Cardoza v. New Orleans Public Service, Inc.

WARD, Judge. •

Plaintiff, Margaret Cardoza, instituted this suit for damages against defendants, New Orleans Public Service, Inc. (NOPSI), its employee, Lottie Hamilton, and the City of New Orleans, for injuries she received while a passenger on a bus owned by NOP-SI and operated by Hamilton. After a judge trial, the court rendered judgment in solido against NOPSI and the City and in favor of Mrs. Cardoza, awarding $4,752.00 for general damages and medical expenses. Only NOPSI and Lottie Hamilton have appealed.1

The primary issue which appellants have presented for review is the correctness of the Trial Judge’s finding of liability, on the part of appellants. Proper analysis of the issue requires that we look first at the facts of the incident, which are not disputed.

On February 27, 1980, Margaret Cardoza was a fare-paying passenger on a NOPSI bus travelling east on North Broad Street in New Orleans. As the bus approached the intersection of Broad and Laharpe Streets, Mrs. Cardoza rang the buzzer on the bus, signalling her intention to exit at the next service stop, and began to move toward the front of the bus. At the same time, an automobile travelling on Laharpe Street ran the stop sign at Broad and La-harpe, entering the intersection in the path of the bus. The distance between this automobile and the bus was such that it was not necessary for the bus to slow down to avoid the automobile. However, following the automobile was a police car which also ran the stop sign and pulled out into the path of the bus, which at that time was about twenty-five feet from the intersection. The police car’s emergency lights were flashing, but its siren was silent. In order to avoid a collision with the police car, the bus driver, Lottie Hamilton, made a sudden stop. Mrs. Cardoza was thrown forward in the bus and *758was injured when she became wedged between the driver’s seat and the fare box.

NOPSI argues that it rebutted the presumption of fault the law imposes on a common carrier where a passenger sustains injury by showing that an emergency was created and the accident was caused by the police ear running the stop sign and moving into the path of the oncoming bus.

We believe that the trial judge was correct; we affirm his judgment for the following reasons.

NOPSI, as a common carrier operating a public conveyance, is charged with the “highest degree of vigilance, care and precaution for the safety of those it undertakes to transport and is liable for the slightest negligence.” Davis v. Owen, 368 So.2d 1052 (La.1979); Wise v. Prescott, 244 La. 157, 151 So.2d 356 (La.1963). The mere showing of an injury to a fare-paying passenger on a public conveyance and his or her failure to reach his or her destination safely establishes a prima facie case of negligence, and imposes on the carrier the burden of exculpating itself of negligence and overcoming the presumption. Wise v. Prescott, supra; Galland v. NOPSI, 377 So.2d 84 (La.1979).

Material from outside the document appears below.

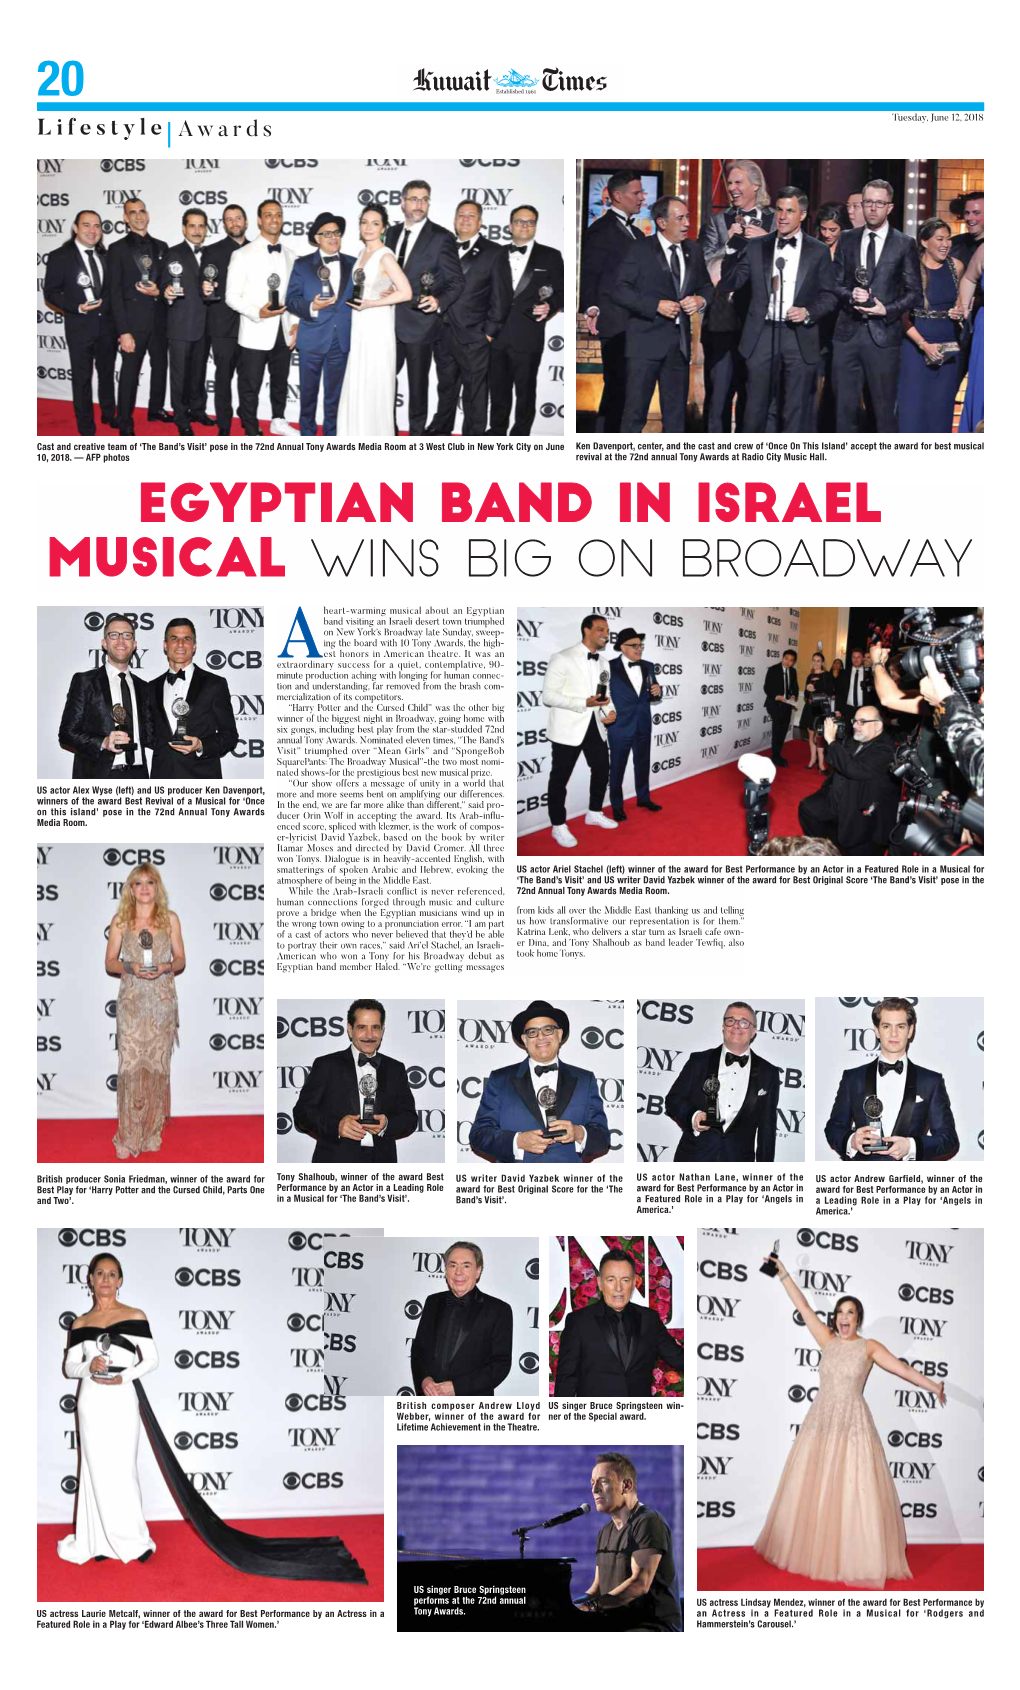 Egyptian Band in Israel Musical Wins Big on Broadway

In order to exculpate itself from negligence, NOPSI is required to show that Ms. Hamilton, the driver, did “all that human sagacity and foresight can do under the circumstances, in view of the character and mode of conveyance adopted, to prevent injury to passengers.... ” Wise v. Prescott, supra.

NOPSI failed to show that Ms. Hamilton met that burden. The evidence shows that when Ms. Hamilton first saw an automobile running the stop sign, she did not apply her brakes at that time; she continued driving until she saw the police car pulling into the intersection. When she saw the police car, rather than immediately slowing down, Mr. Hamilton first checked her rearview mirror to see whether she could change lanes and avoid bringing the bus to a halt. When she found that she could not, she then had to brake suddenly to avoid the collision. NOP-SI did not exculpate itself from the burden of showing it was without “the slightest negligence”.

Further, after reviewing the record, this court cannot conclude that the Trial Judge was manifestly erroneous. Canter v. Koehring Co., 283 So.2d 716 (La.1973); Arceneaux v. Domingue, 365 So.2d 1330 (La.1978).

The judgment of the District Court is affirmed.

. The City has not filed an appeal in this case. La.C.C.P. Art. 2121. Ms. Cardoza in her brief has requested this Court to increase the damage award of the Trial Judge. She has not, however, filed an appeal or an answer to the appeal of NOPSI. La.C.C.P. Art. 2133; Craig v. Southeastern Fidelity Ins. Co., 377 So.2d 1271 (La.App. 3rd Cir.1979).